EXERCISE MATERIALS:
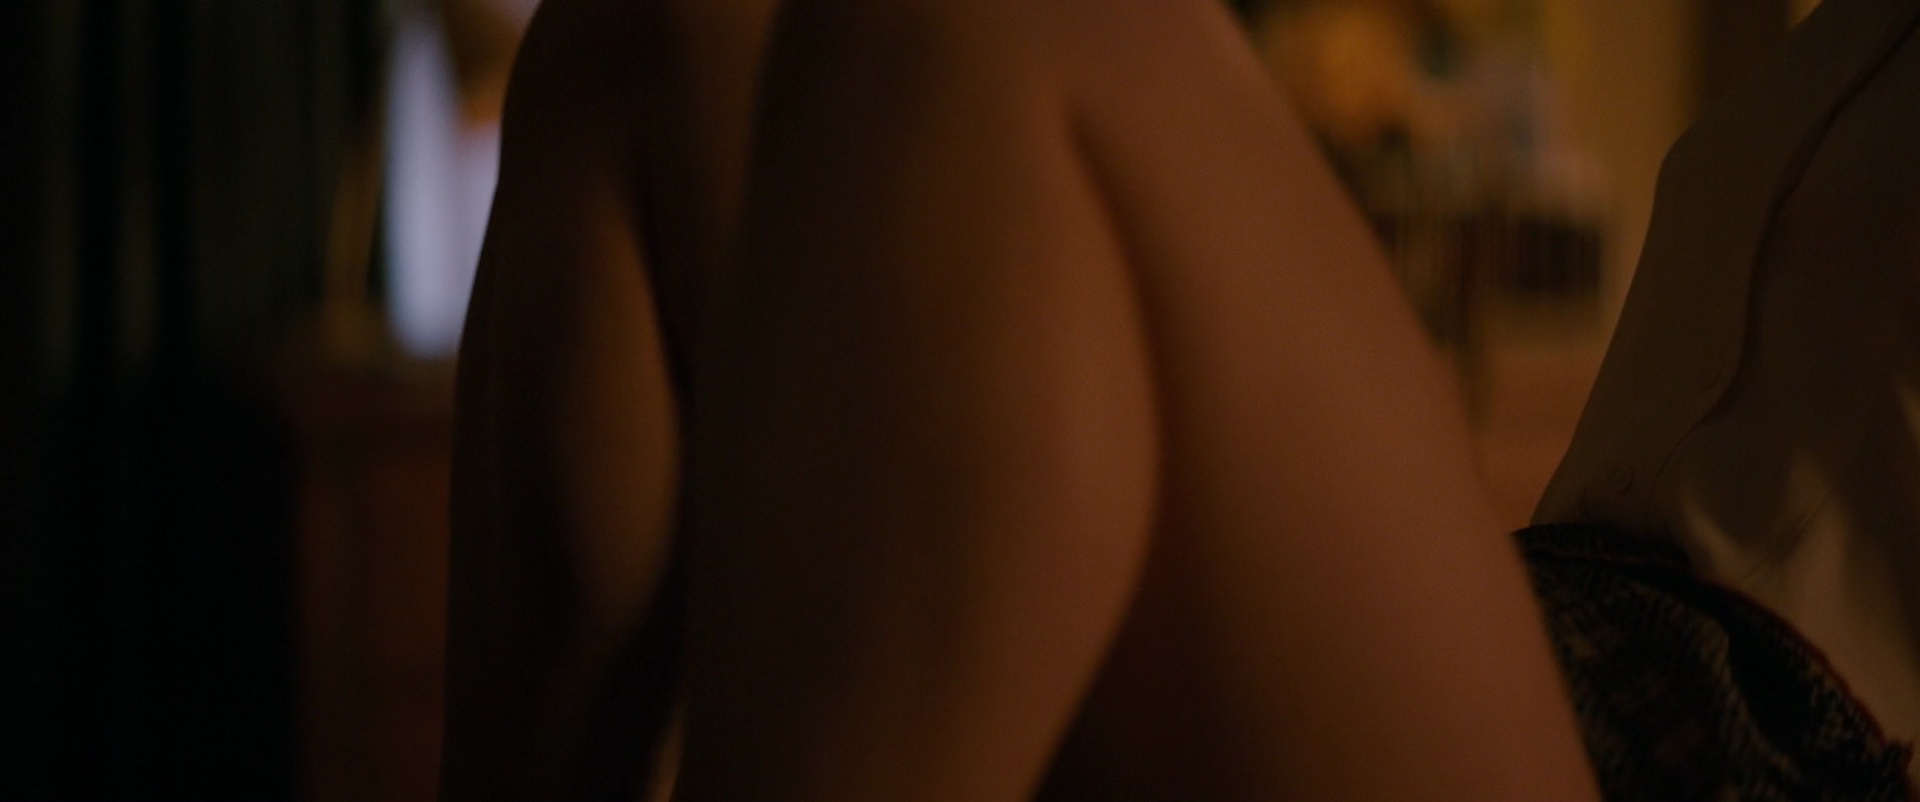 Valorie Curry nude pics.
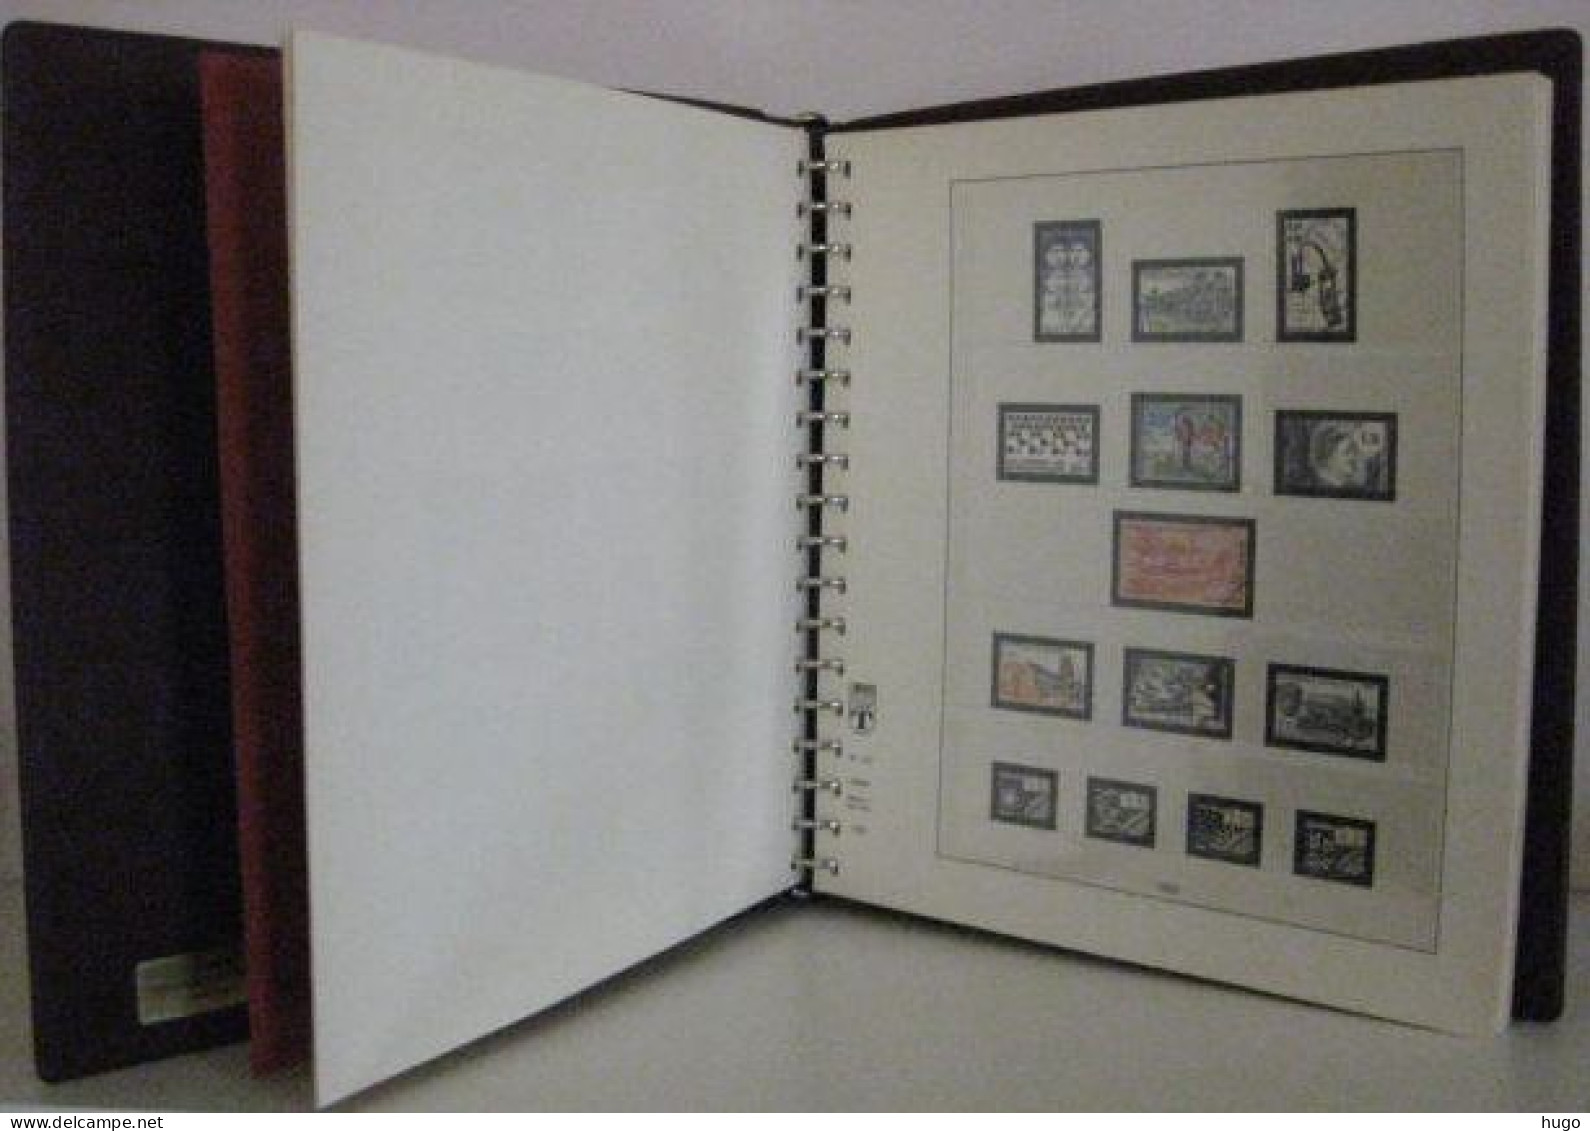 LINDNER FRANCE - ILLUSTRATED ALBUM PAGES YEAR 1984-1989, INCL. RING BINDER - Binders With Pages
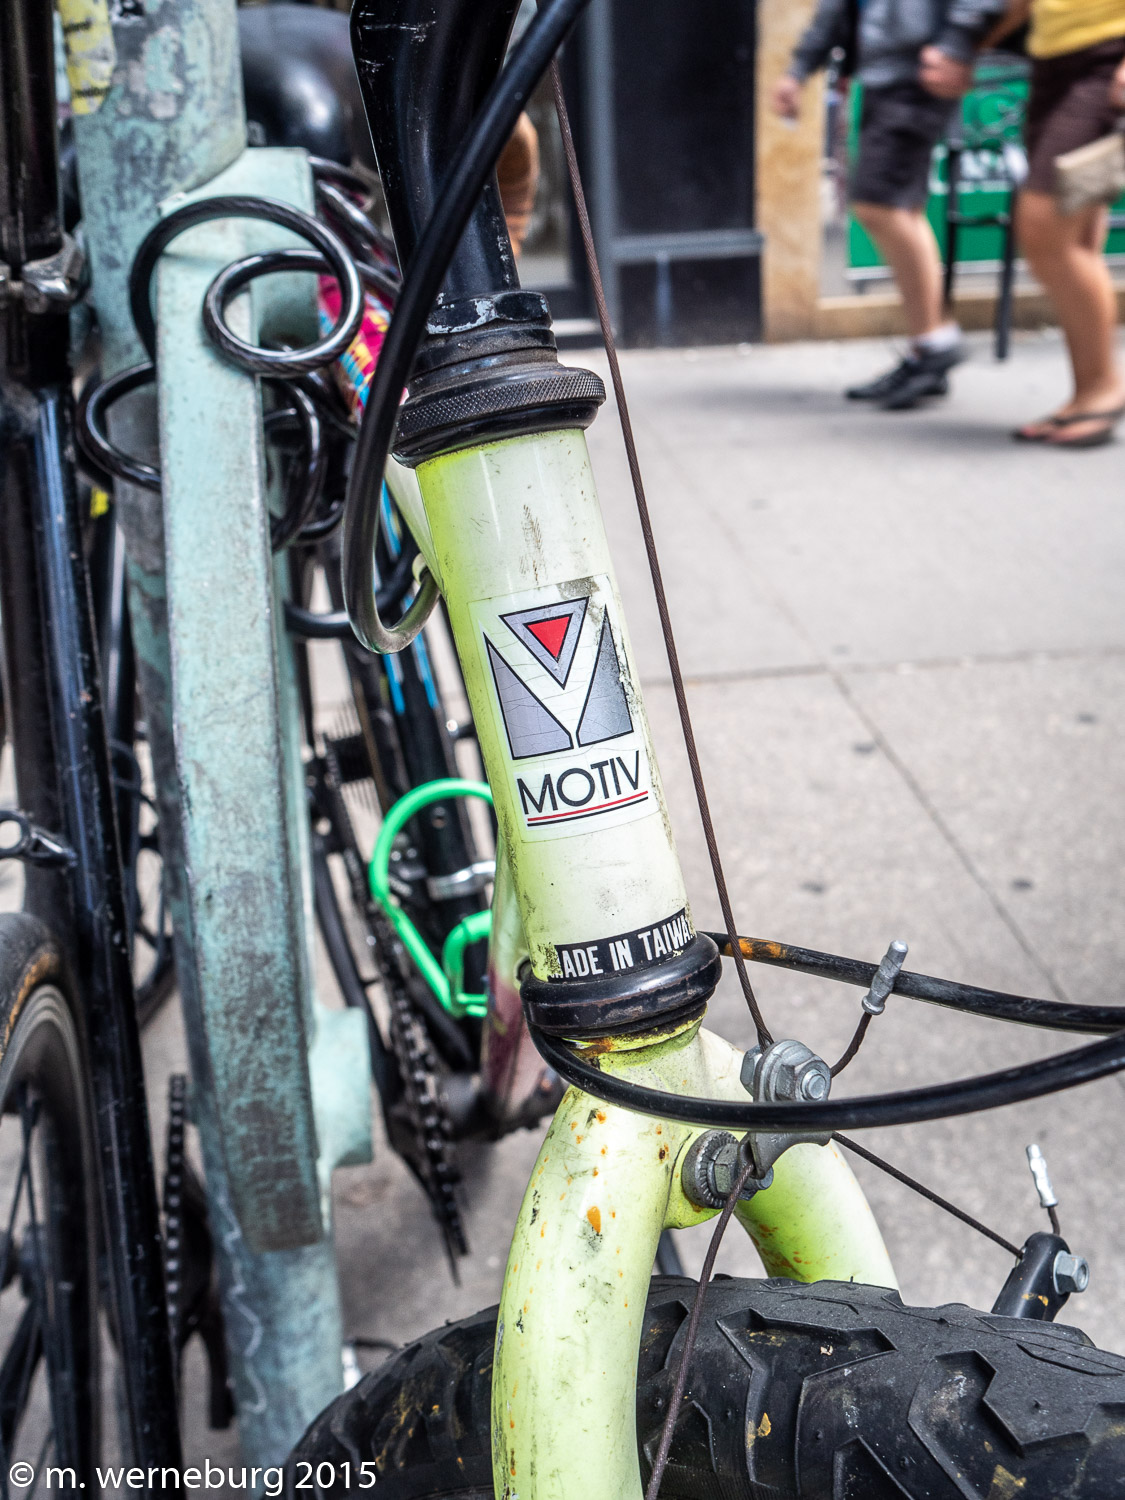 a motiv bicycle badge on the street
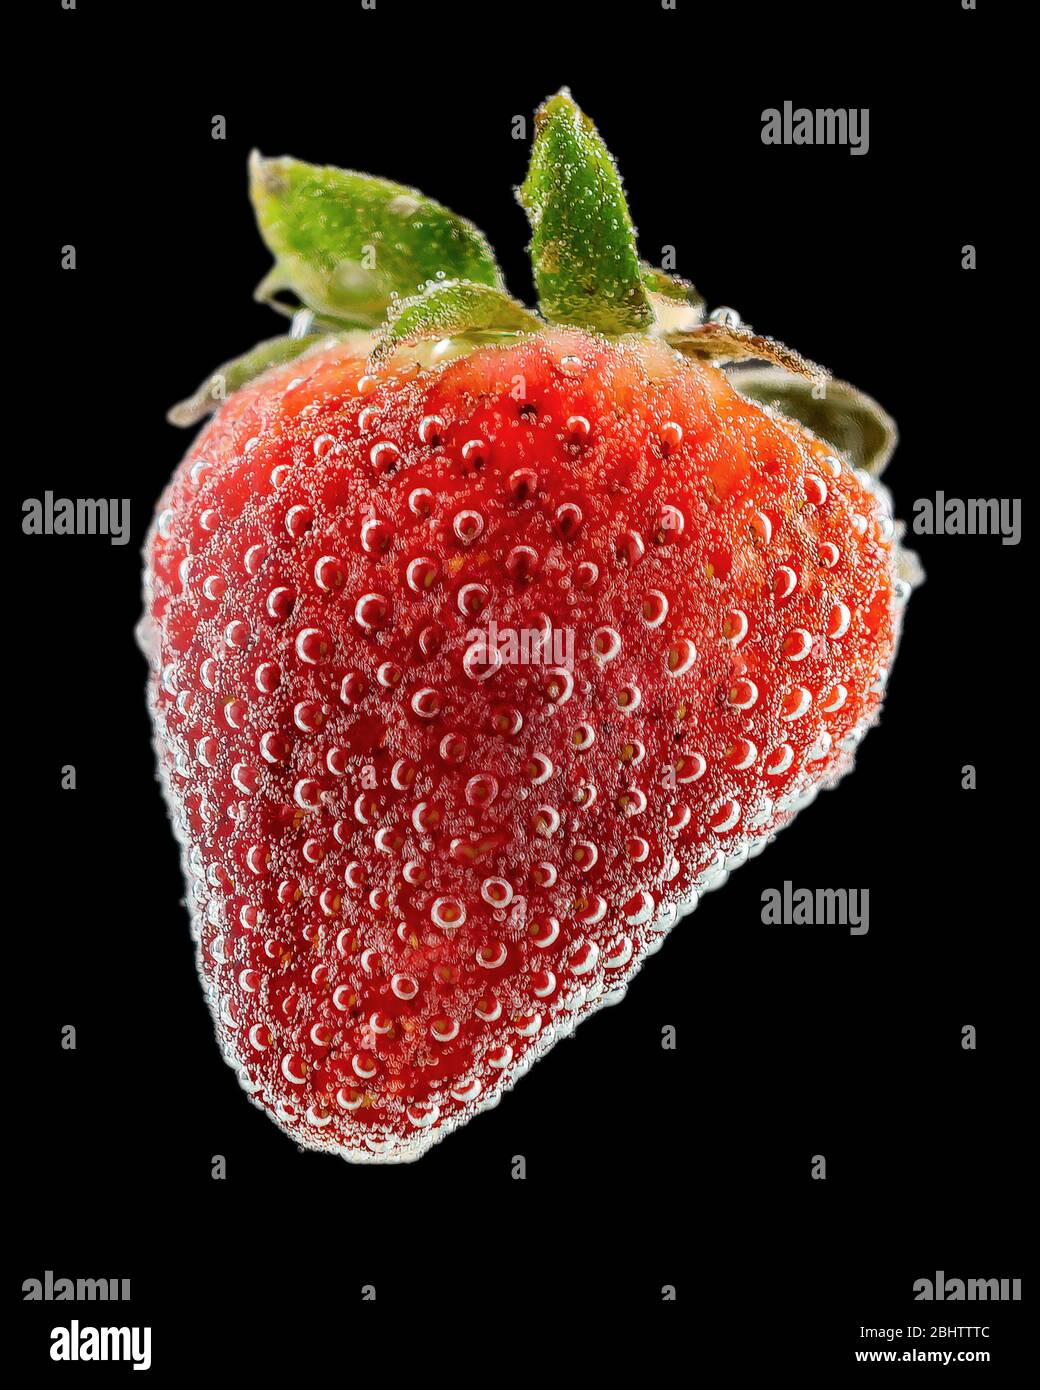 A ripe red strawberry submerged in a clear liquid with lots of bubbles.  Cut out on solid black background. Stock Photo
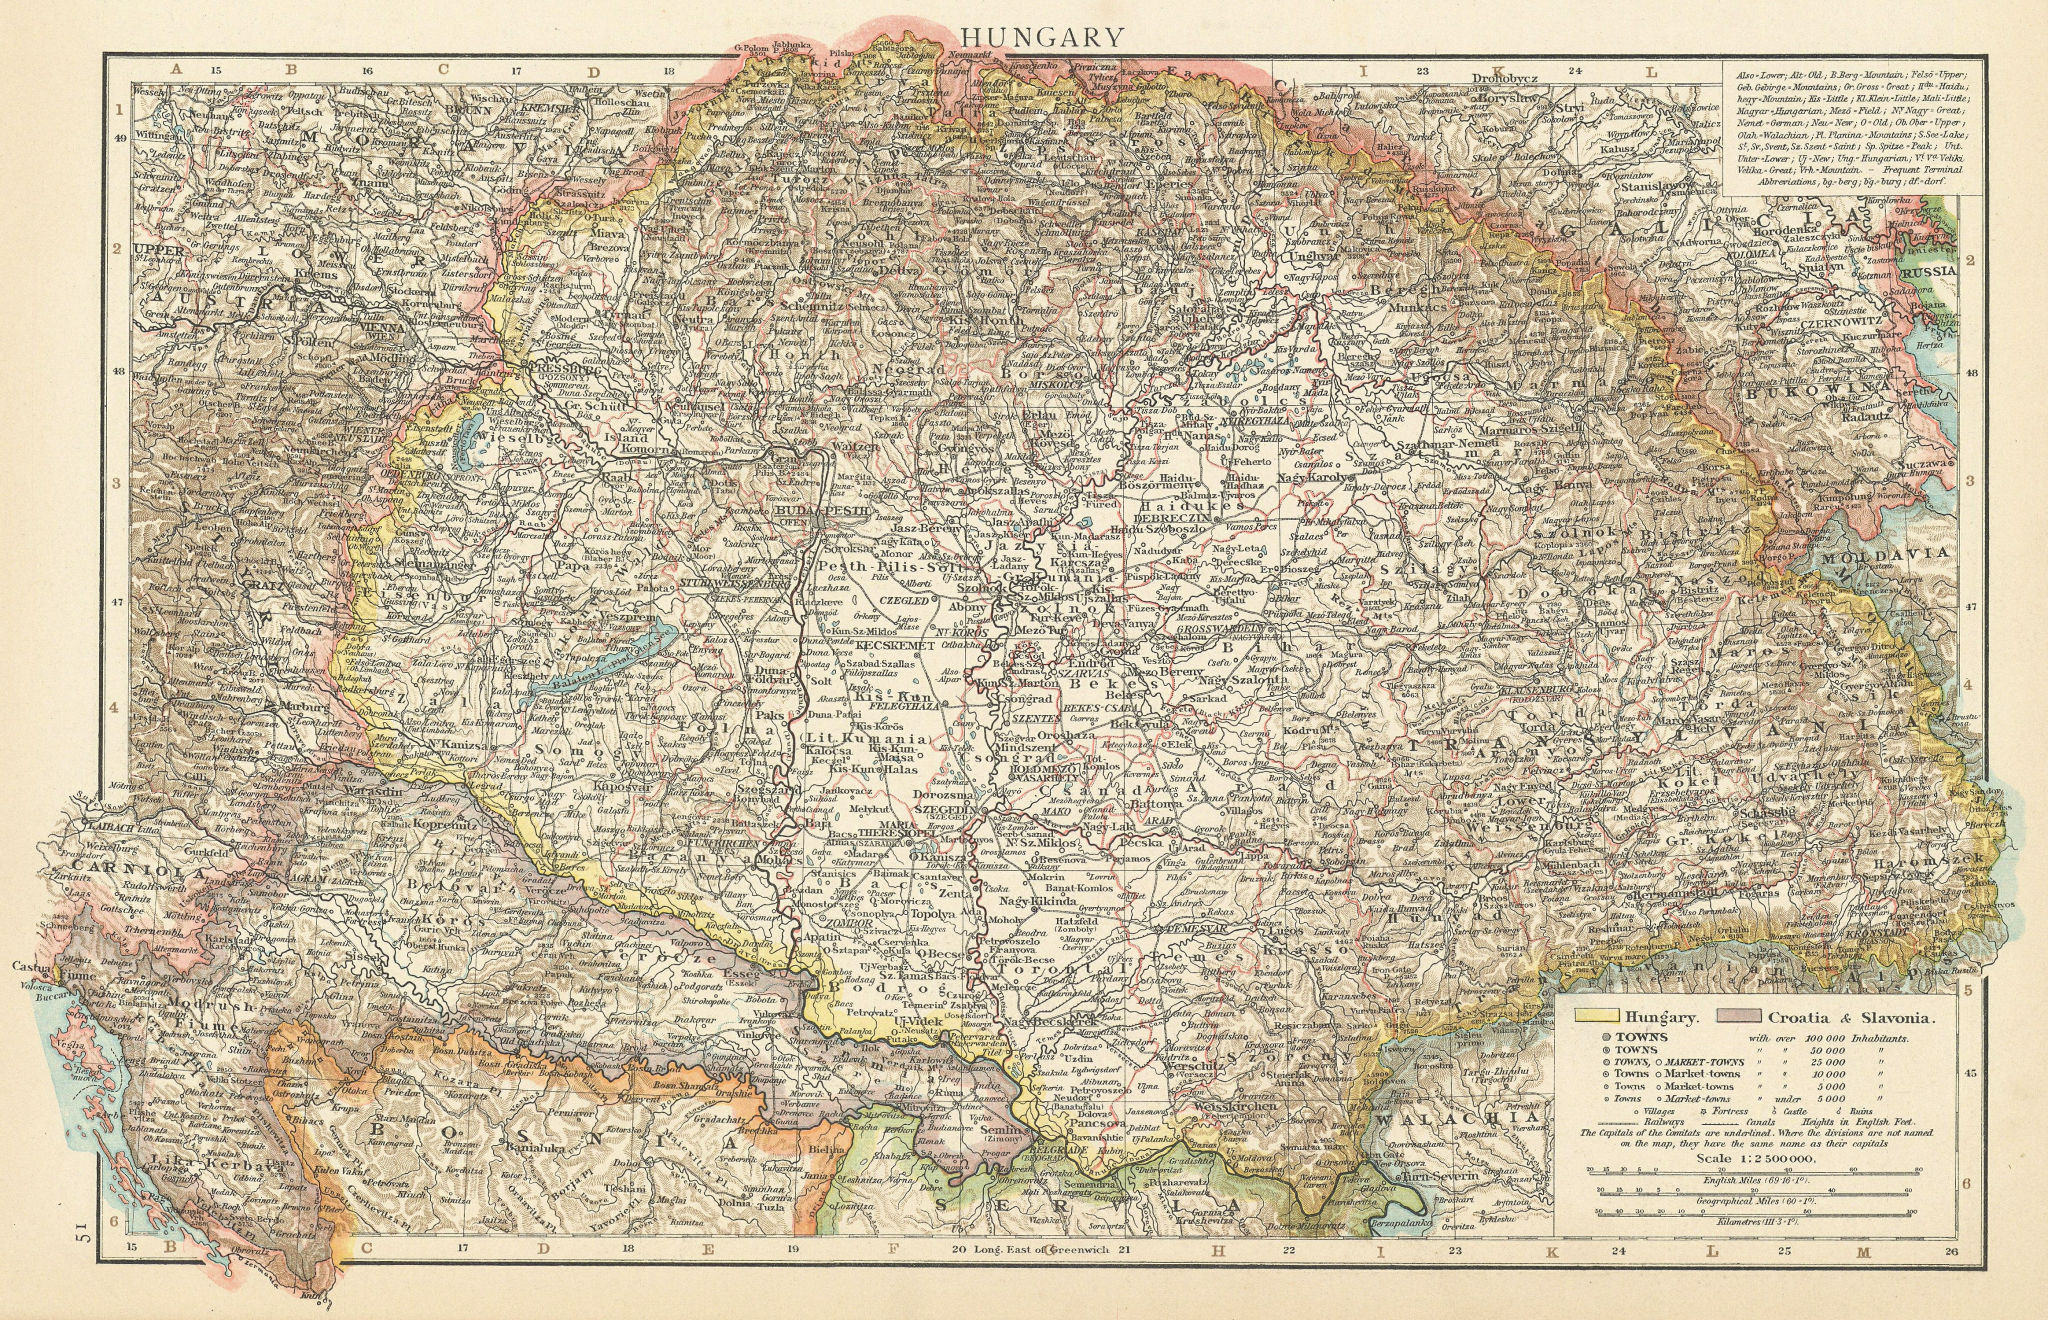 Associate Product Hungary, Croatia & Slavonia. Slovenia. THE TIMES 1895 old antique map chart

EXERCISE BRIEF: A word-for-word copy of the lines from the one with "LINDNER FRANCE - ILLUSTRATED" through the last line of the data above is required, with both end lines included and no pictures.

THE COMPLETED TASK:
 LINDNER FRANCE - ILLUSTRATED ALBUM PAGES YEAR 1984-1989, INCL. RING BINDER - Binders With Pages
 a motiv bicycle badge on the street
 A ripe red strawberry submerged in a clear liquid with lots of bubbles.  Cut out on solid black background. Stock Photo
 Associate Product Hungary, Croatia & Slavonia. Slovenia. THE TIMES 1895 old antique map chart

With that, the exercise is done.